Clark: Illich recruited Spanish language teachers from top American universities, and many of them stayed in Cuernavaca, later breaking off to form their own schools. Illich died in 2002. By then, about 10,000 foreigners a year were coming to Cuernavaca to study Spanish - that's still the case today. And they contribute $ 20 million a year to the city's economy. Around a thousand foreigners enroll annually at the "Cemanahuac Educational Community."
Clark: The class sizes are small. often only a few pupils at a time. That's part of Cemanahuac's appeal. While in Cuernavaca, students live with local families and go on field trips to explore Mexican culture.
Paul Harle took a semester off from the University of Texas at San Antonio to study at "Cemanahuac." He says his uncle recommended it.
Harle: "He came down here in the '70s, said Cuernavaca's great place.. And it's definitely shattered all my preconceptions of Mexico ... Kind of a void... Lively culture. Great people. Couldn't ask for anything more."
Clark: Harle's unusual in that he's spending 10 weeks at Cemanahuac. Harriet Guerrero says she's had to tailor her program in recent years to meet the increasingly demanding lives of students.
Guerrero: "We like to recommend 4 weeks as a minimum. One week is nothing. We get lots of businessmen that could only get away one week... Come and go throughout the year. We will have a few university groups that come for 3 week or 12 week session. But I guess the norm is coming down to 2-3 weeks."
Harriet Guerrero
Clark: Guerrero says the type of students she sees these days is also different. It's no longer just college kids looking to improve their Spanish ... but also Americans whose jobs are changing as a result of increased Mexican migration to the U.S.
Guerrero: "There's a college that will bring a group of community leaders... Librarians, policeman... They'll have their language and also special visits set up so they can understand more what's happening in their community as well with the new Mexican people in their towns."
Clark: Guerrero says students coming to Cuernavaca nowadays seem a little less adventurous than they were in the '70s and '80s. Back then people didn't need as much structure and security.In some ways, Christopher Davile is a throw back to those times. Davile lives in Minnesota, but grew up in Texas in a Mexican immigrant family.
Davile: "I grew up hearing Spanish but not really speaking Spanish."

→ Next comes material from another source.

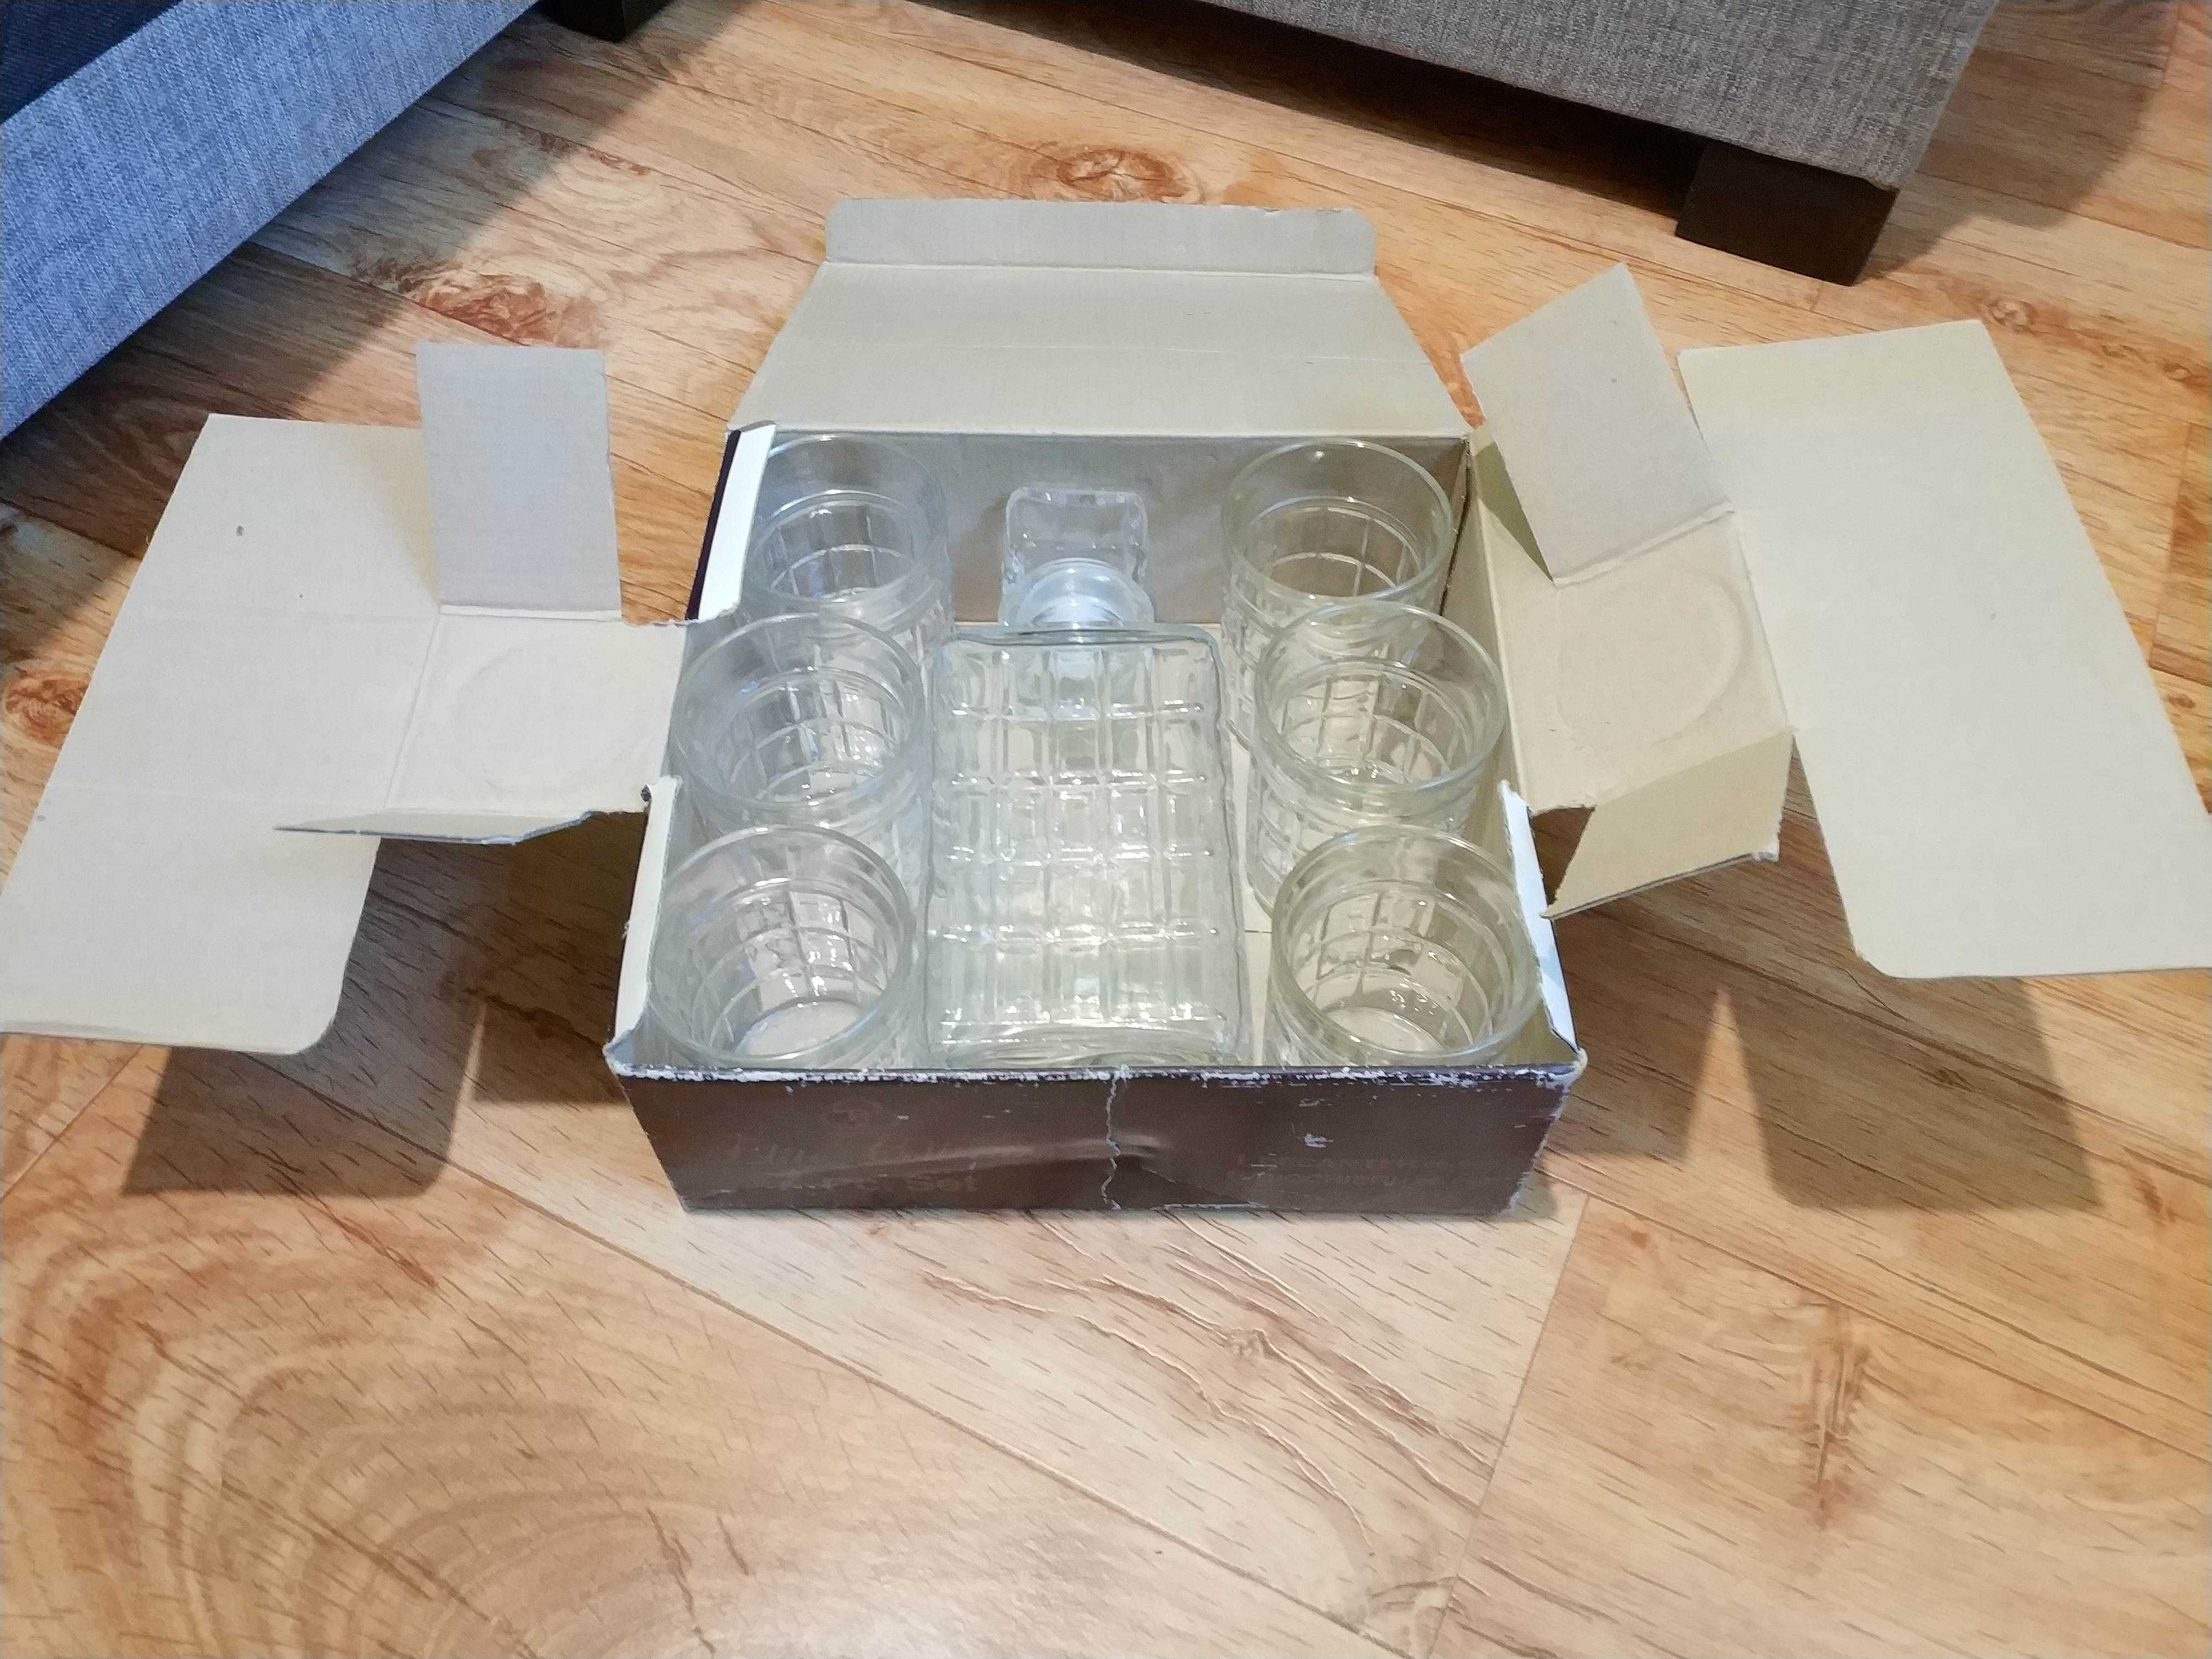 Karafka zestaw szklanki 6szt elite collection made in italy pudełko

Clark: Since coming to Cuernavaca, Davile's been singing in a local choir and volunteering at an after-school program for kids. He says someday he'd like to teach math to spanish-speaking students back in the states. For now, though, Davile is getting a kick out of looking like a local.
Christopher Davile
Davile: "When I'm with my friends here who are mostly white Americans I'm always looked at as the shady Mexican guy who's just trying to hit on all the girls or whatever. So people are always telling me go away, go away, go away. And I'm like I'm American. I'm their friends." Katy: lots of shady Mexican guys trying to hit on American girls? "Yeah, there are actually, it's very common."
Clark: But mainly what goes on is that thousands of Americans enjoy a peaceful vacation and learn the language of their southern neighbors.